== Brief ==
In the data below, repeat the line containing "Derbe Hamburg Herren" and every following line exactly, up to and including the last line. Exclude pictures.

== Data excerpt ==
******

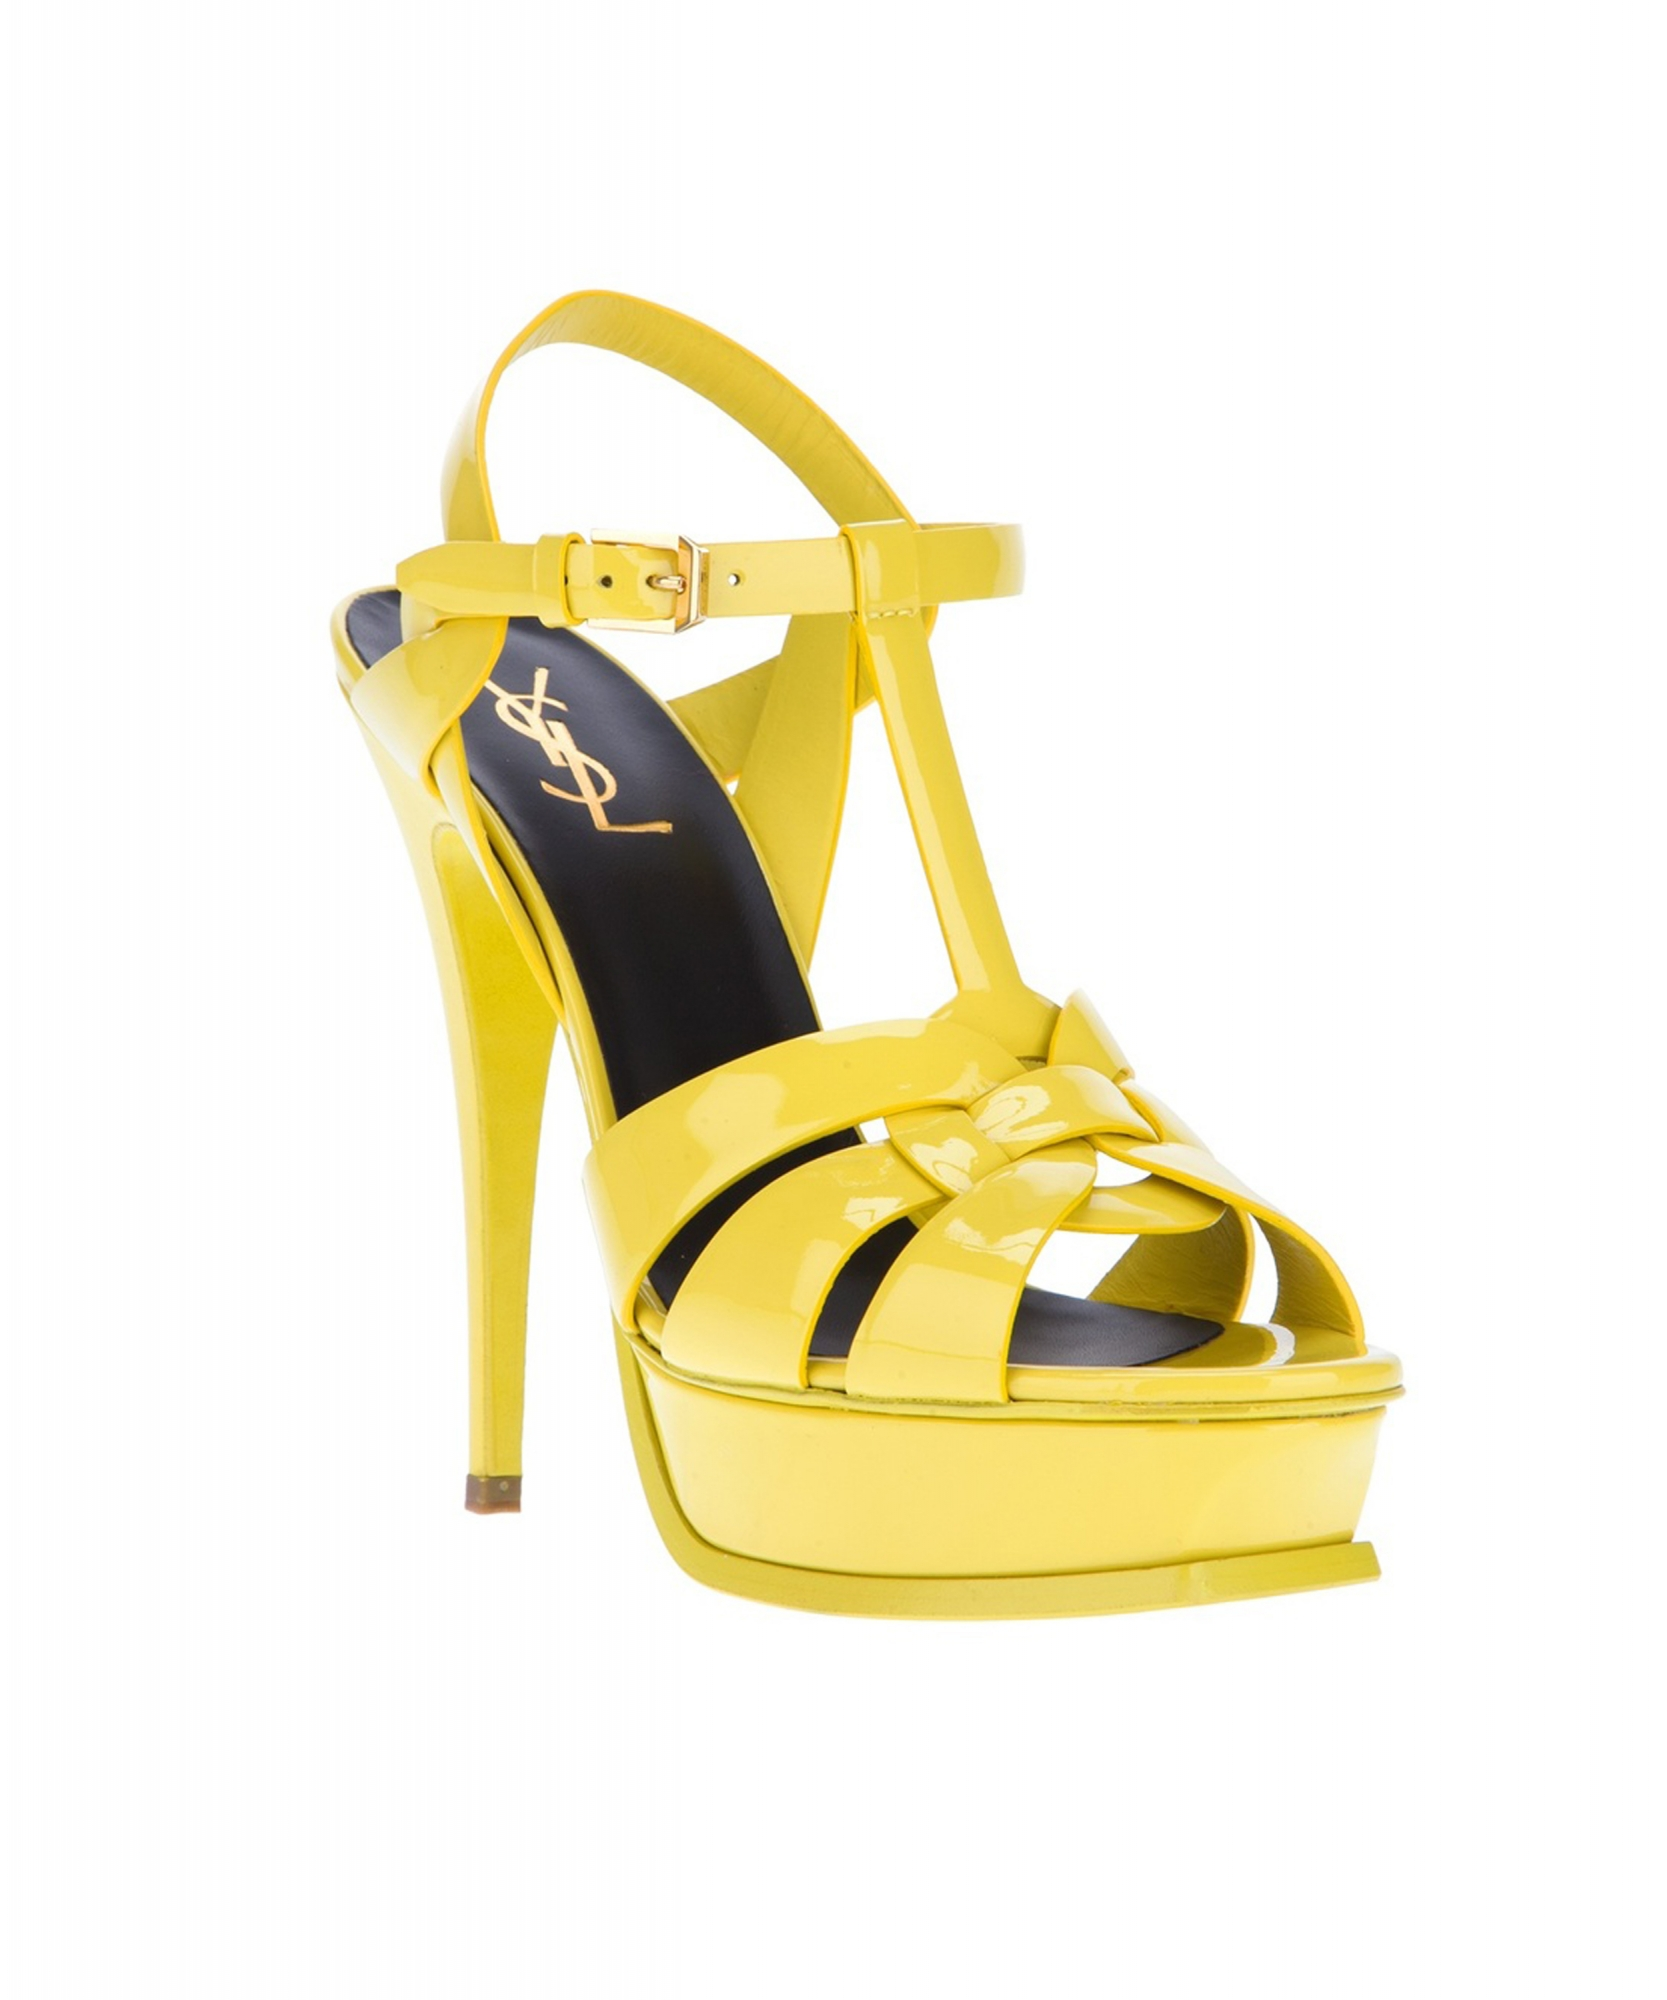 Saint Laurent Yellow Patent Leather Tribute Sandals
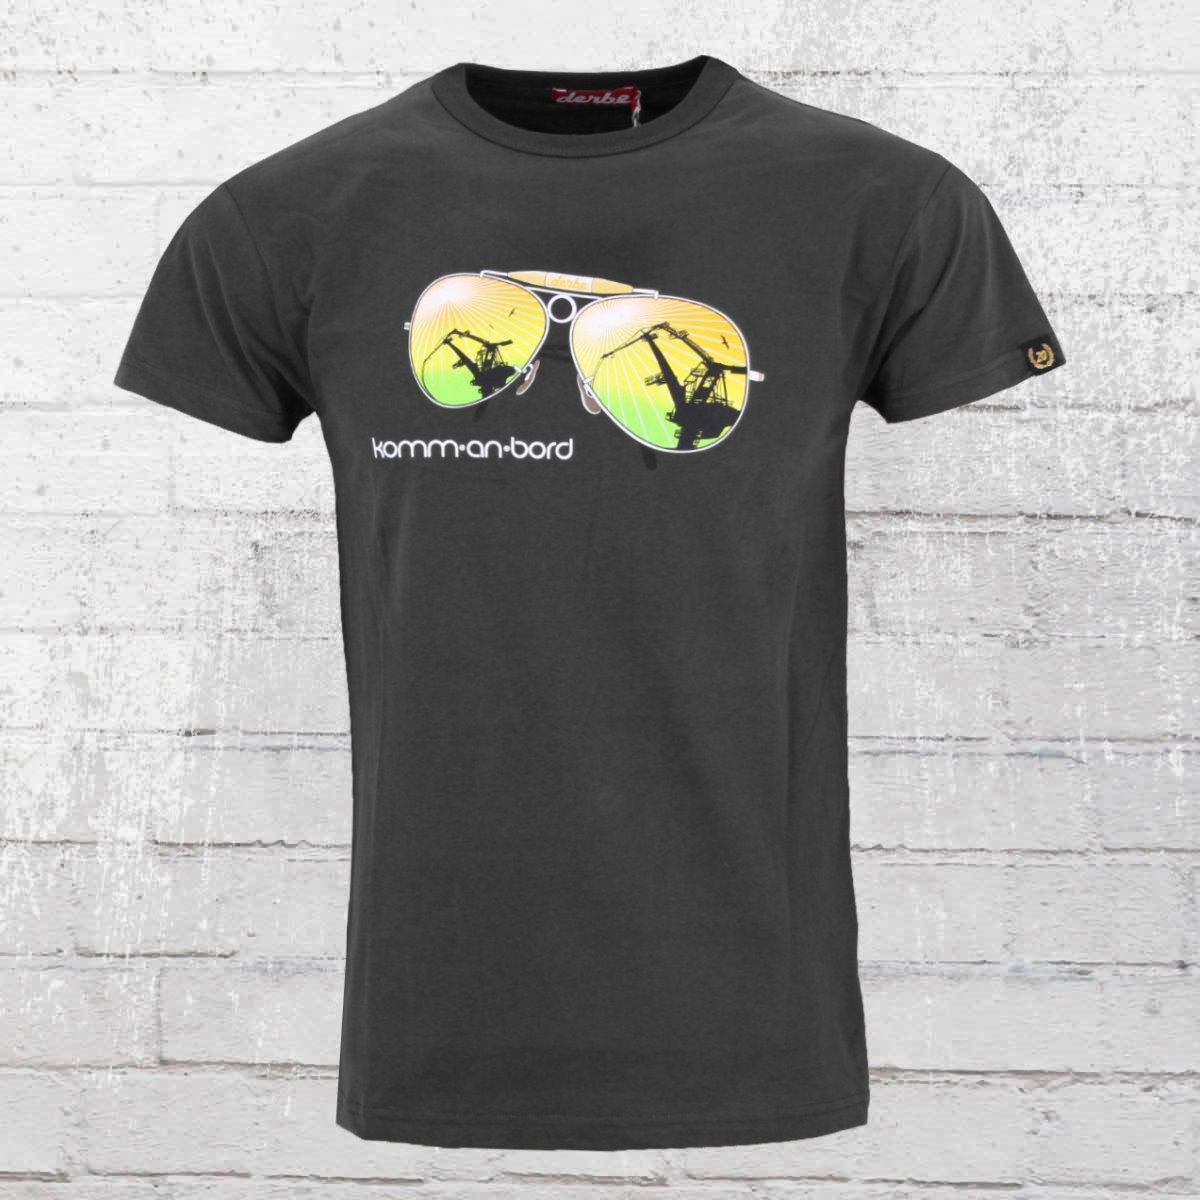 Derbe Hamburg Herren T-Shirt Komm An Bord grau
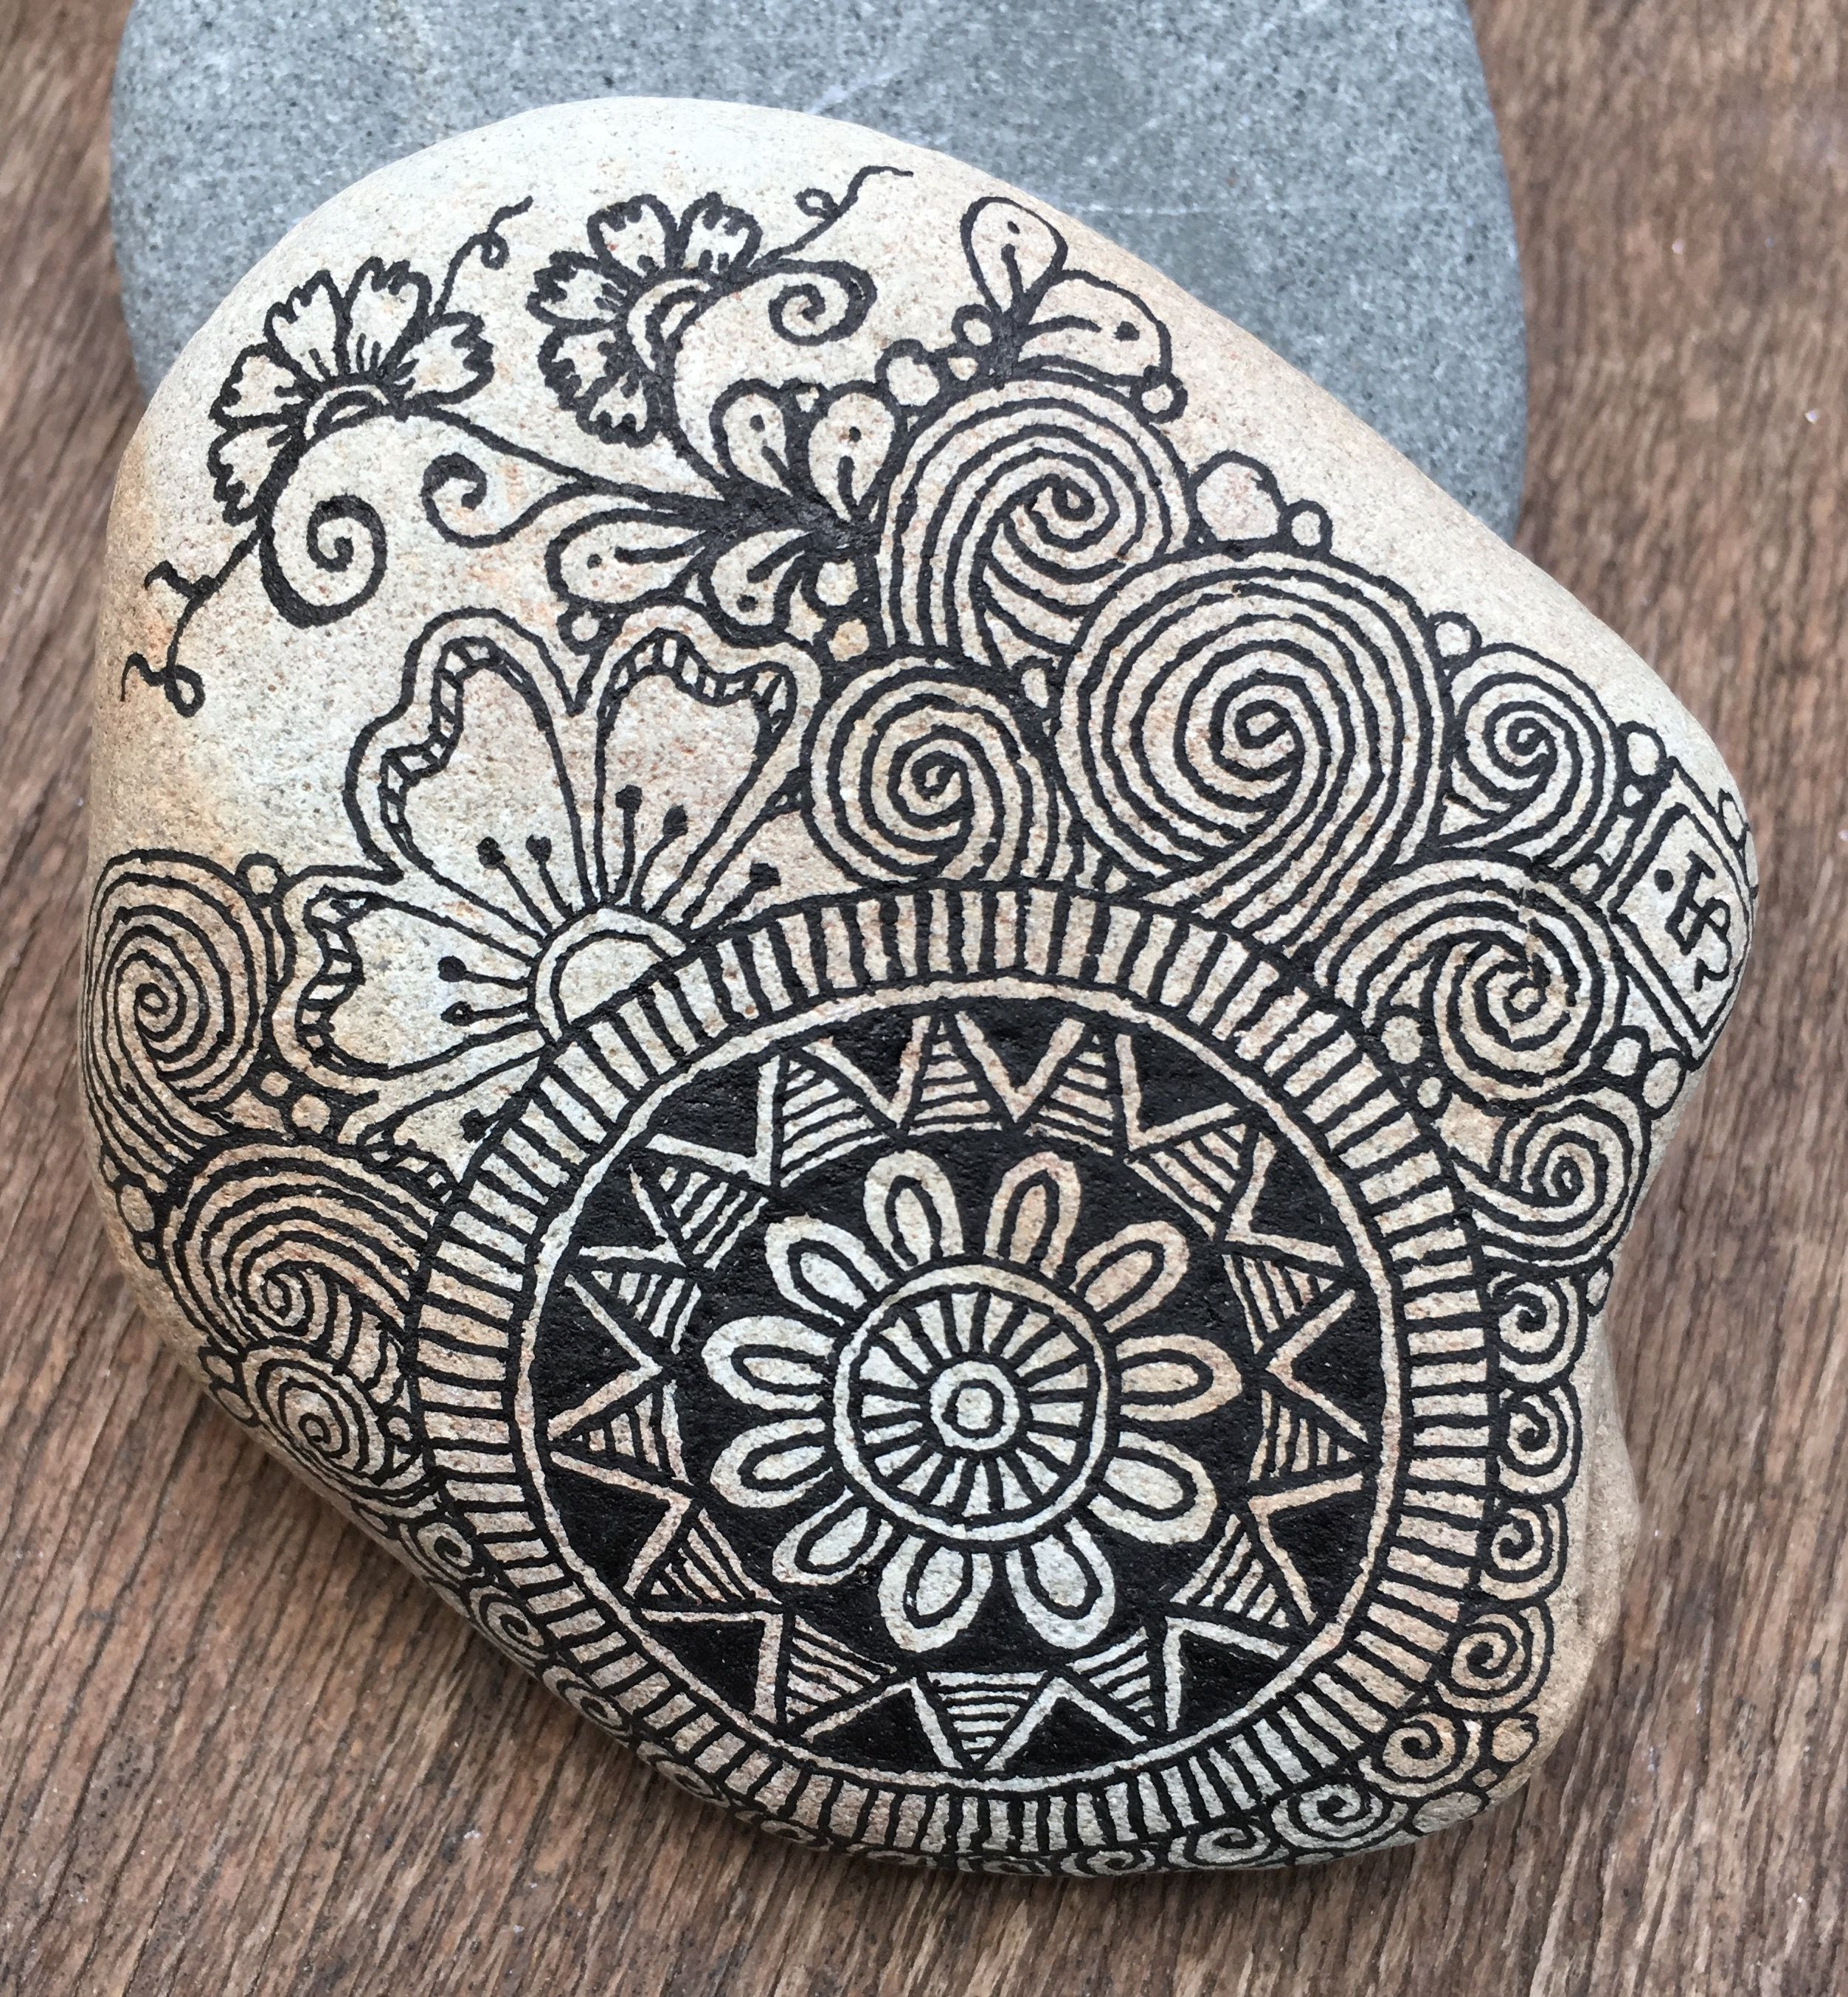 fb razrocks zentangle zia steine deko pinterest steine bemalte steine und steine bemalen. Black Bedroom Furniture Sets. Home Design Ideas

******

== Result ==
 Derbe Hamburg Herren T-Shirt Komm An Bord grau
 fb razrocks zentangle zia steine deko pinterest steine bemalte steine und steine bemalen. Black Bedroom Furniture Sets. Home Design Ideas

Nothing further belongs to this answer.